[DATASET EXCERPT — start]

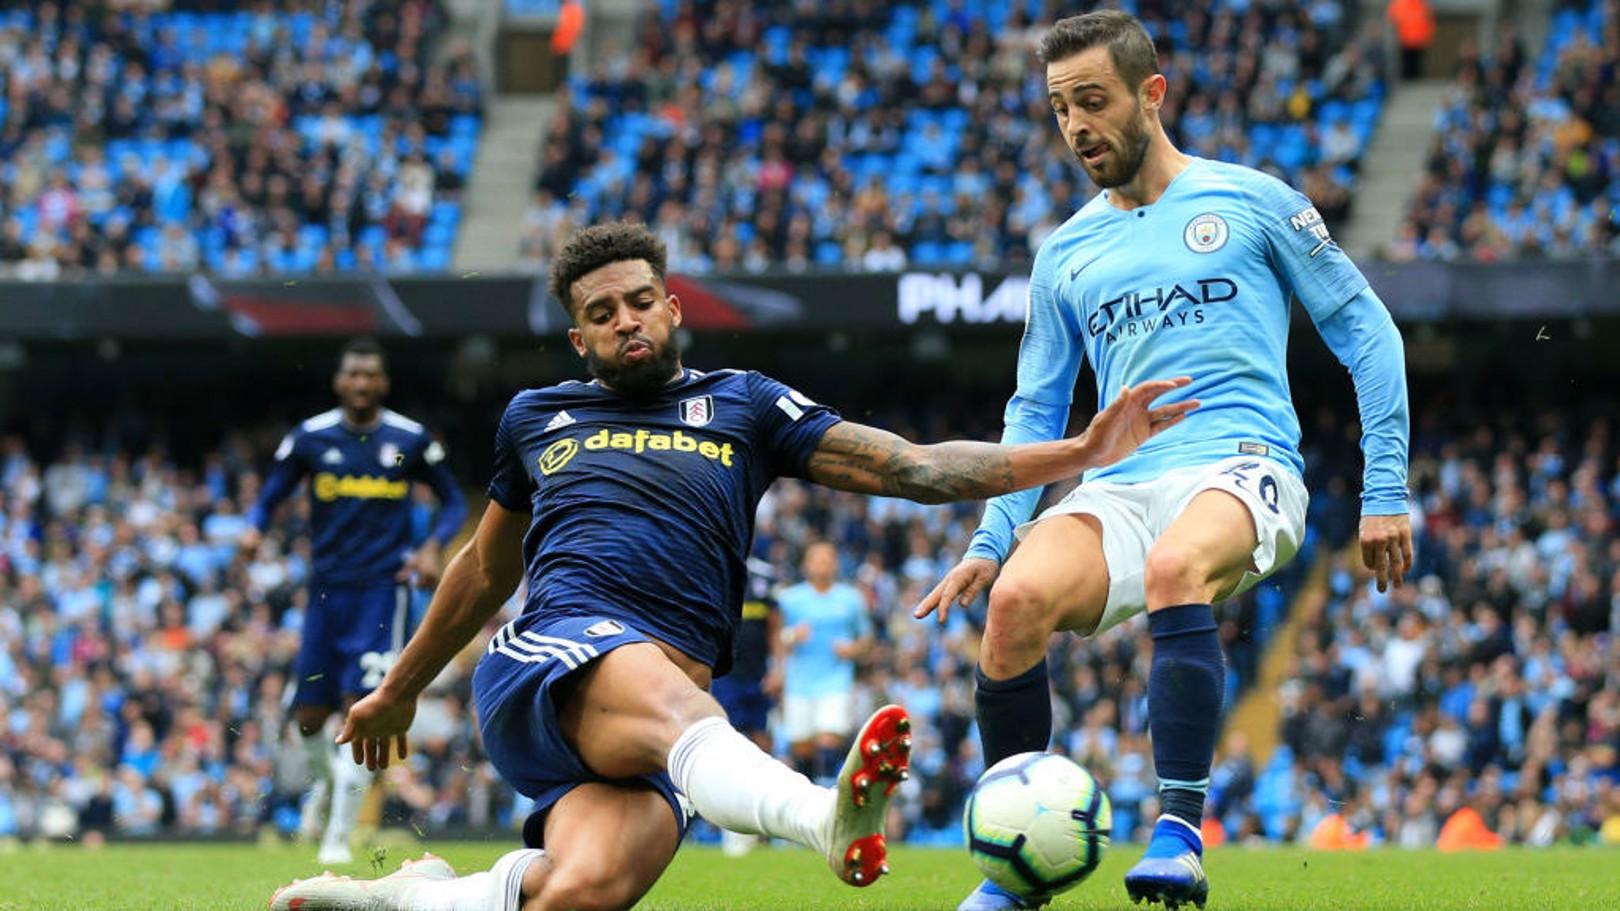 EYE CATCHER: Bernardo Silva was at his bewitching best against Fulham
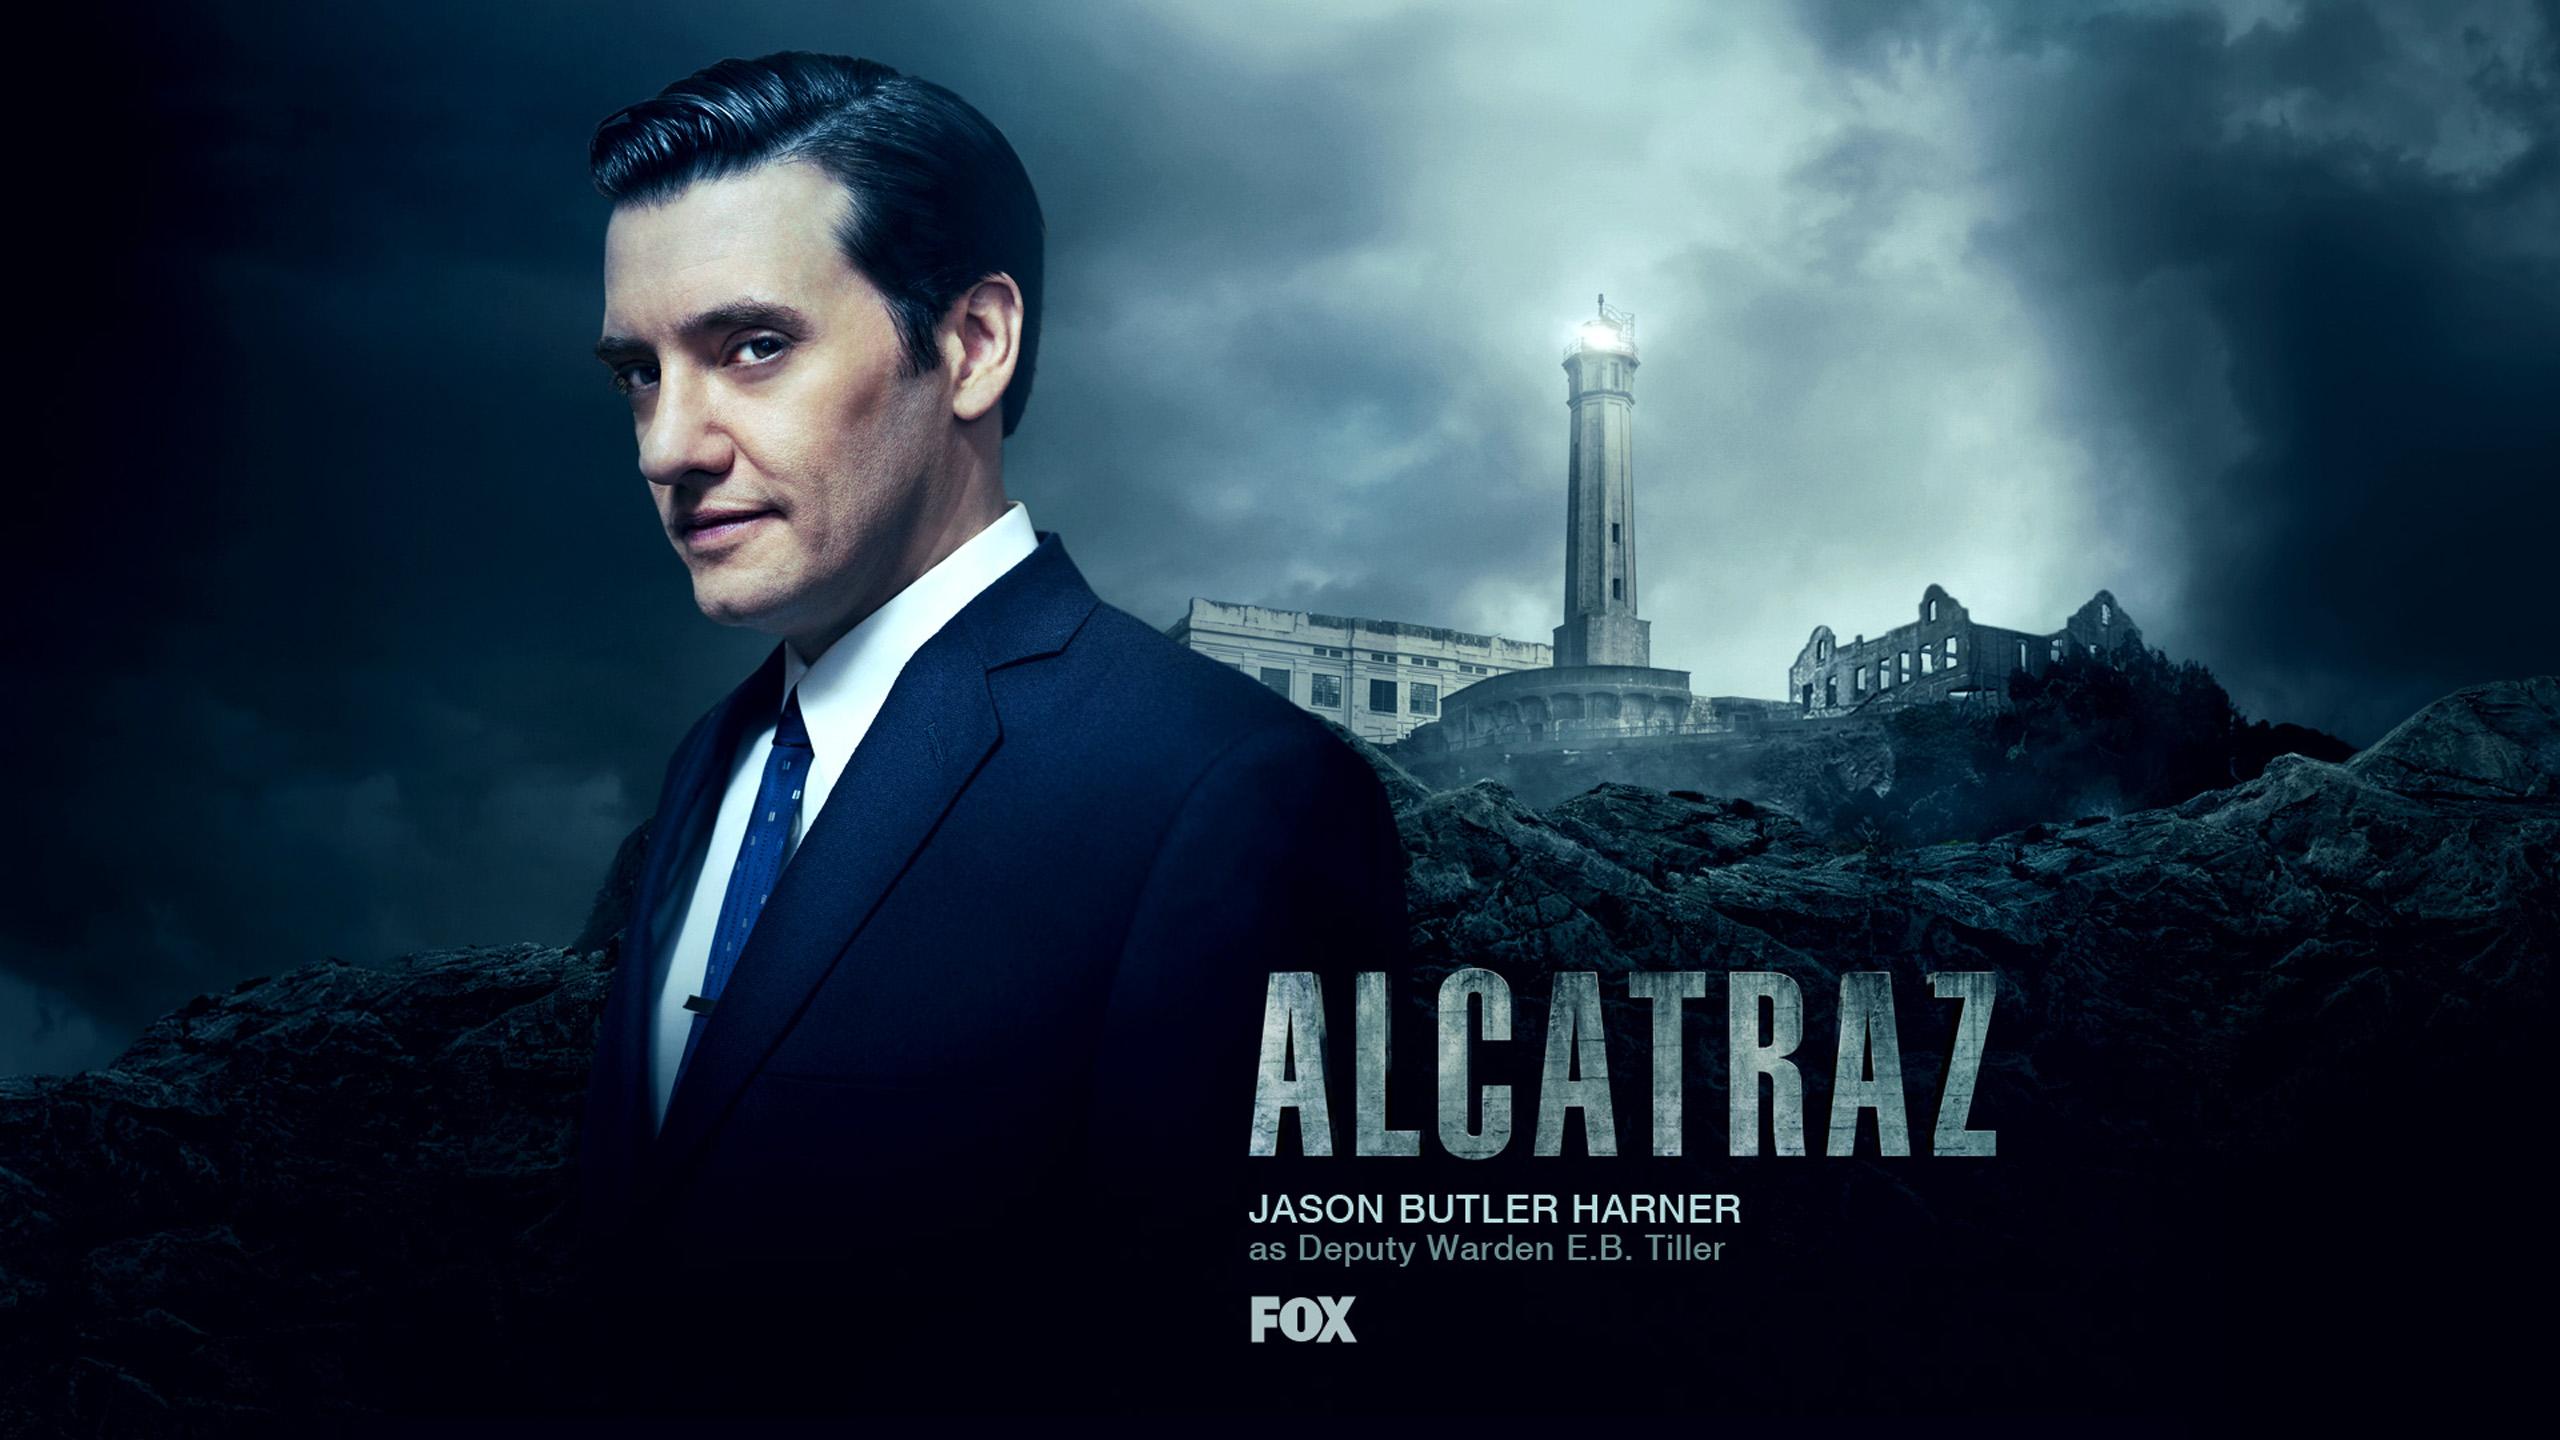 21968_alcatraz_wallpaper_06_122_227lo.jpg
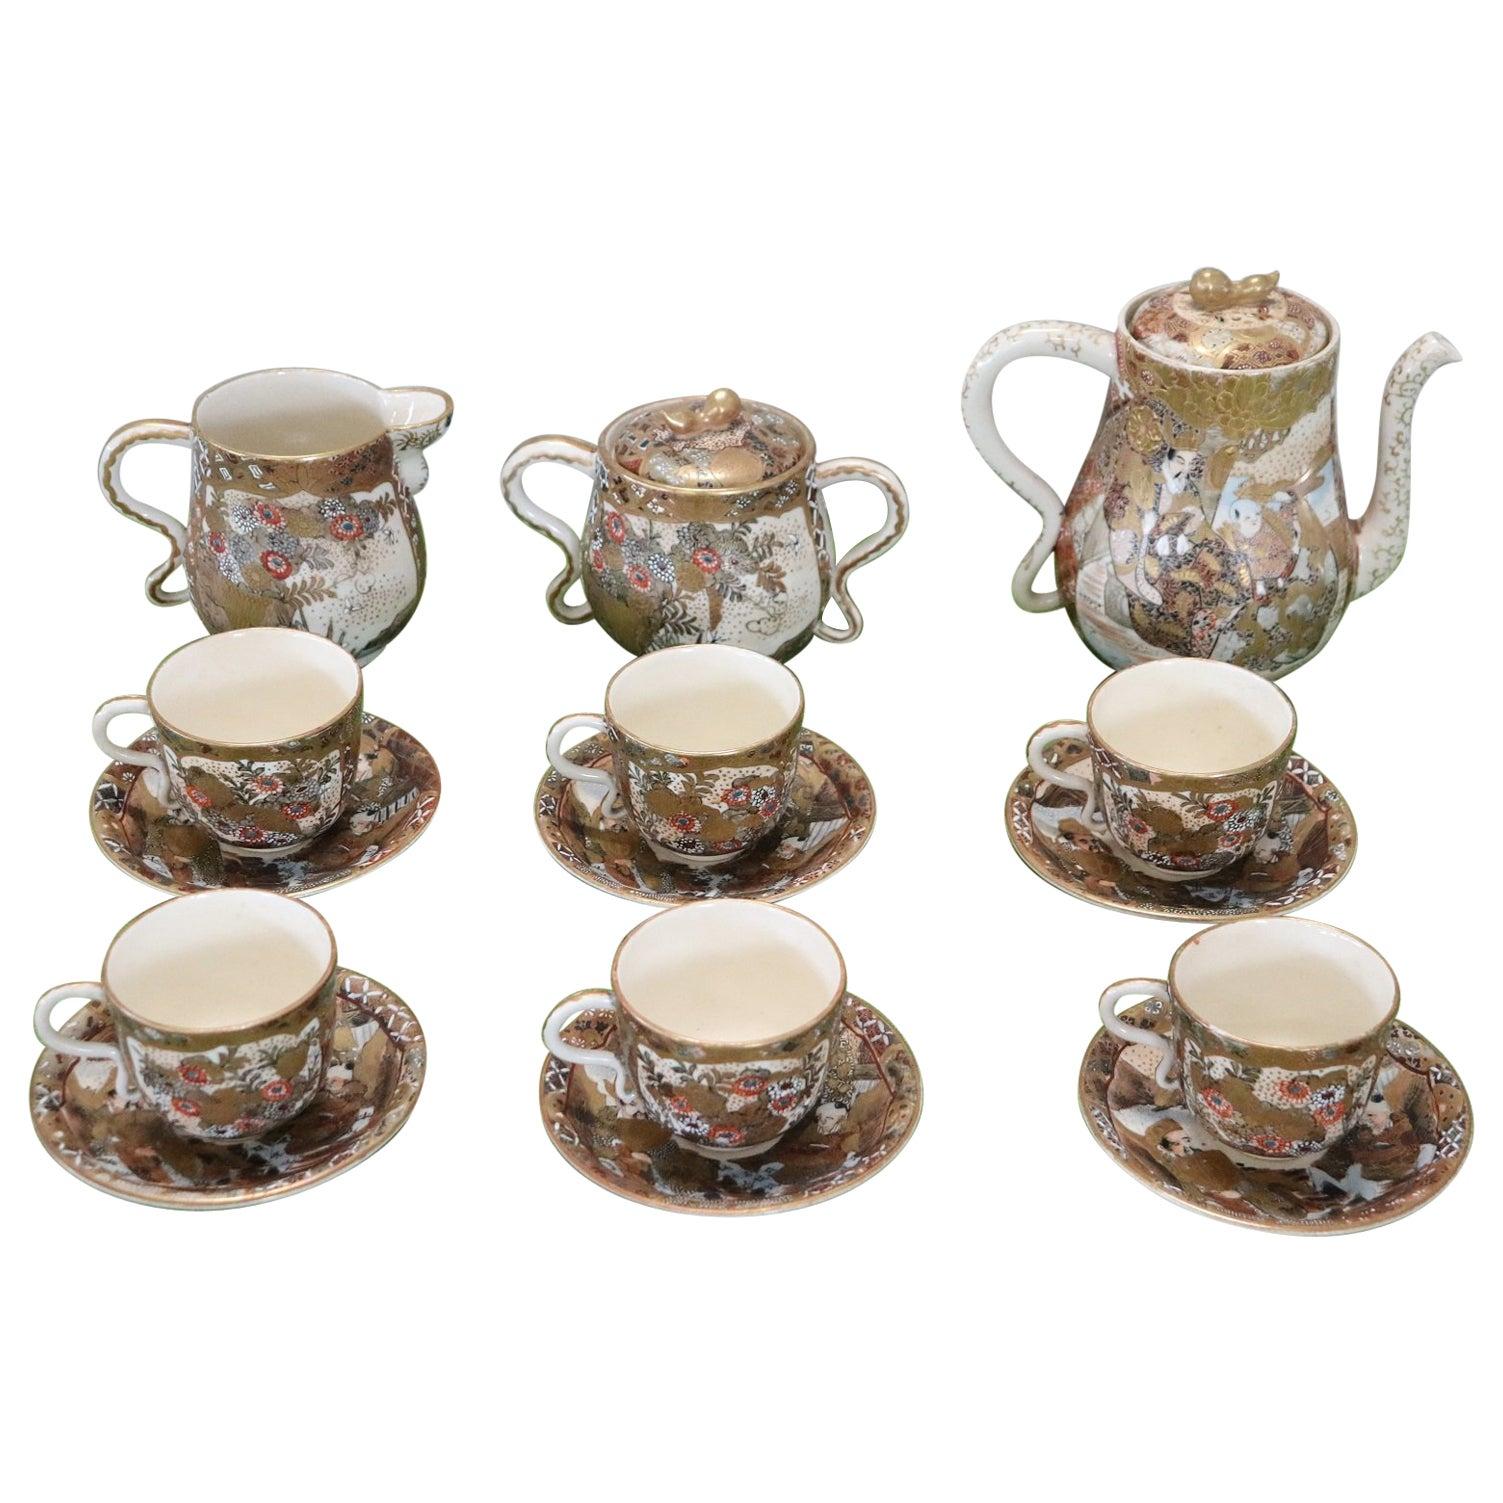 19th Century Satsuma Japanese Hand Painted Porcelain Tea or Coffee Set 15 Pieces

[DATASET EXCERPT — finish]

WHAT YOU ARE ASKED TO DO
Output the data exactly, pictures omitted.

RESPONSE TO THE EXERCISE
 EYE CATCHER: Bernardo Silva was at his bewitching best against Fulham
 21968_alcatraz_wallpaper_06_122_227lo.jpg
 19th Century Satsuma Japanese Hand Painted Porcelain Tea or Coffee Set 15 Pieces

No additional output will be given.